Dendrotriton cuchumatanus
- Conservation status: Critically Endangered (IUCN 3.1)

Scientific classification
- Kingdom: Animalia
- Phylum: Chordata
- Class: Amphibia
- Order: Urodela
- Family: Plethodontidae
- Genus: Dendrotriton
- Species: D. cuchumatanus
- Binomial name: Dendrotriton cuchumatanus (Lynch [de] and Wake, 1975)
- Synonyms: Chiropterotriton cuchumatanus Lynch and Wake, 1975;

= Dendrotriton cuchumatanus =

- Authority: (Lynch and Wake, 1975)
- Conservation status: CR
- Synonyms: Chiropterotriton cuchumatanus Lynch and Wake, 1975

Species of amphibian

Dendrotriton cuchumatanus is a species of salamander in the family Plethodontidae. It is endemic to Guatemala and is known from its type locality near San Juan Ixcoy in the Sierra de los Cuchumatanes, and possibly from another, as yet unconfirmed record.

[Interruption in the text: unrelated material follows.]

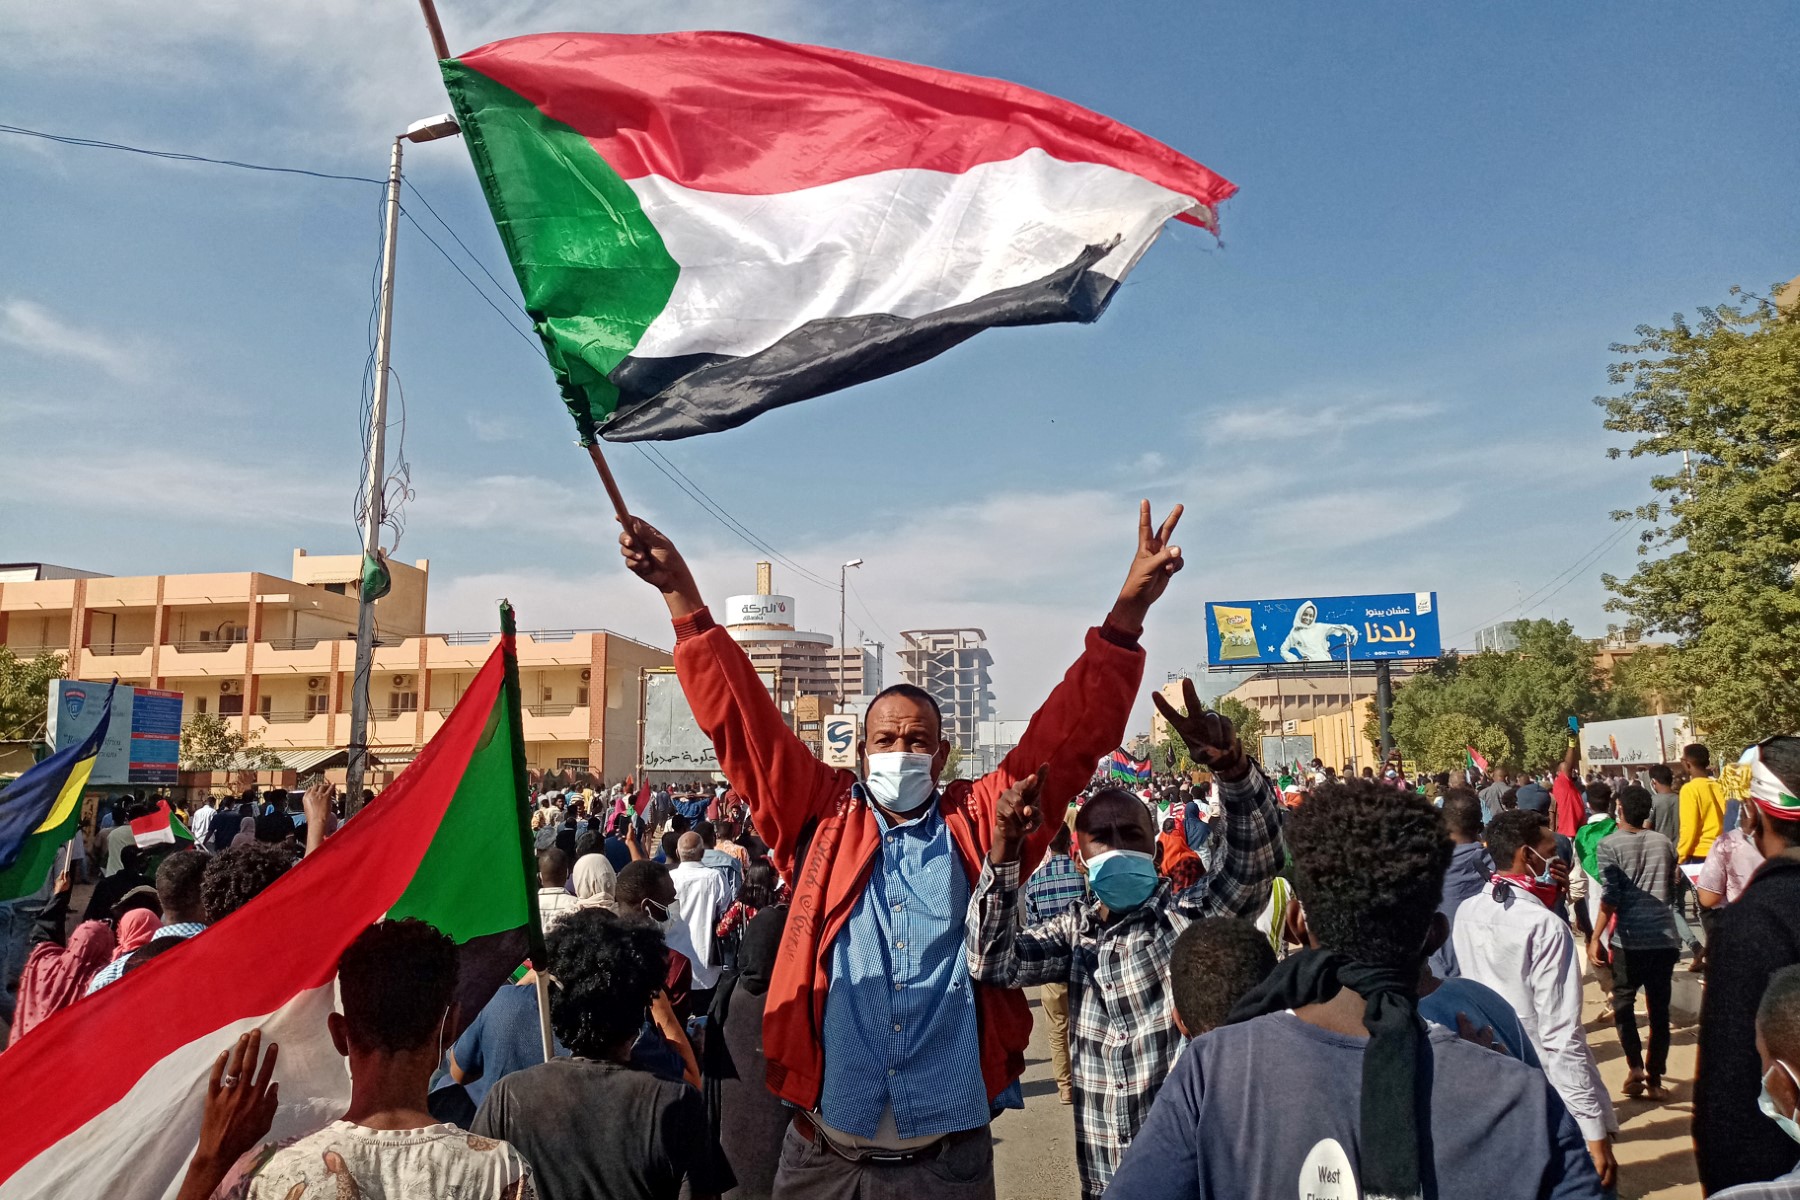 AFP__20211219__9UY269__v3__Preview__TopshotSudanPoliticsDemonstration.jpg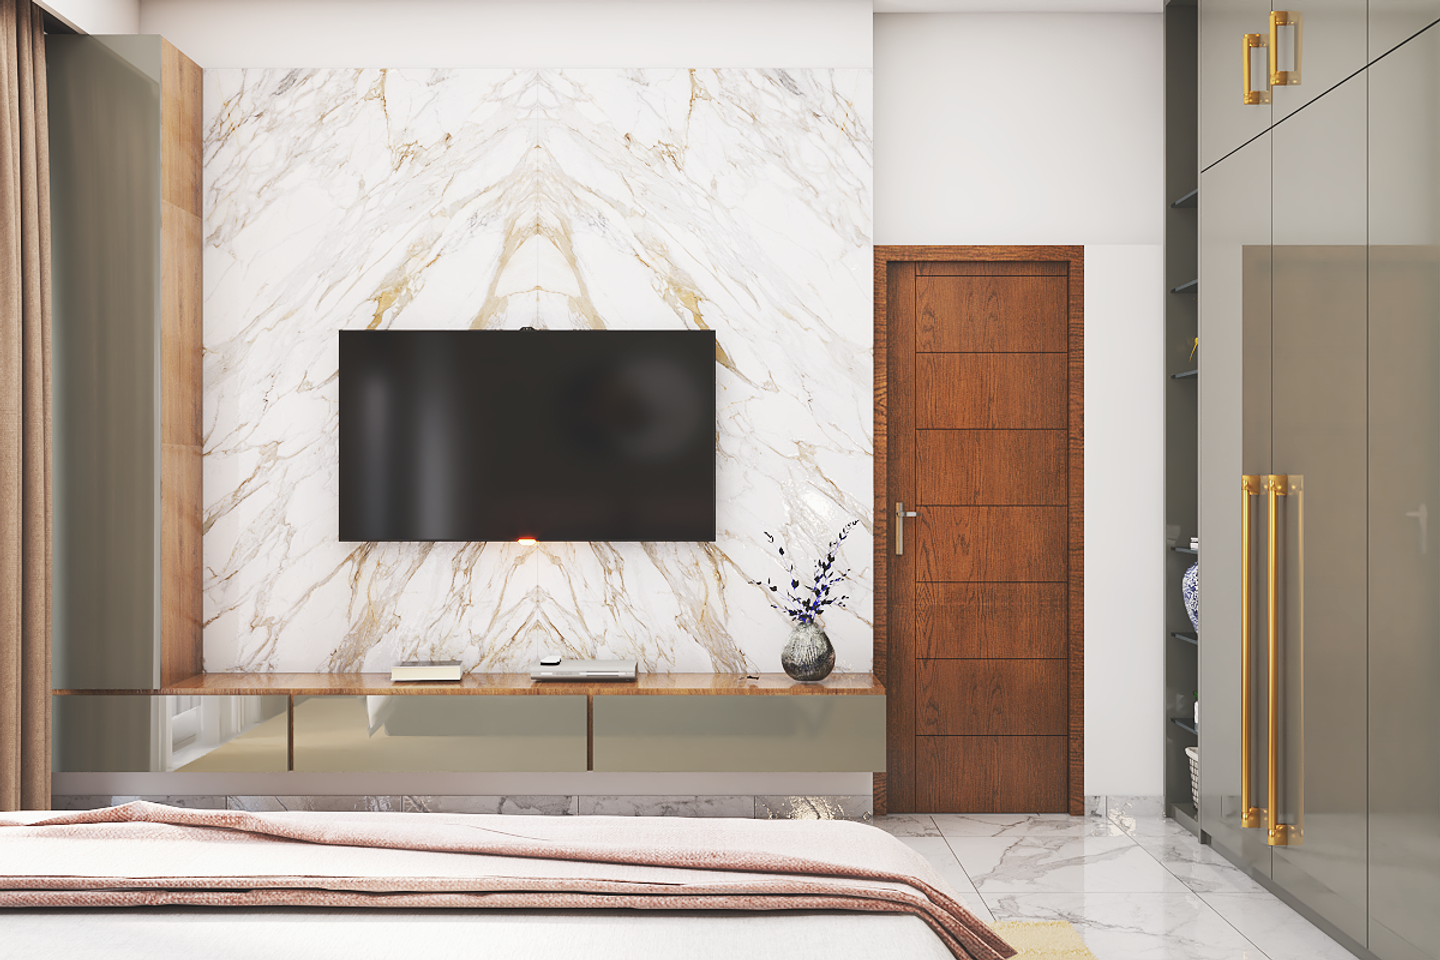 TV Unit Design With Marble Panel - Livspace

Common name forest bromeliad salamander has been coined for it, although it does not seem to inhabit bromeliads.

==Description==
Males grow to at least 31 mm and females to 32 mm in snout–vent length. The tail is relatively short, and only barely exceeds the body length in adult males; relative tail length is shorter in juveniles and females. The limbs are moderately long in males but shorter in females. The hands and feet are moderately webbed. Th coloration and patterning are variable, but discrete color morphs are not evident. Many individuals have a red-brown to tan-colored mid-dorsal stripe. Some specimens have a distinctly mottled gray and brown dorsal pattern, while others are essentially uniformly gray-black to brown-black dorsally. Almost all specimens have a lighter interorbital
bar.

==Habitat and conservation==
Dendrotriton cuchumatanus is known from very humid oak forest at about 2860 m above sea level. Specimens have been found under moss and bark on large fallen trees and in moss (but not in bromeliads as for many of its relatives). The species is threatened by habitat loss caused by forest clearance. As of 2008, the type locality was inside a proposed semi-protected area.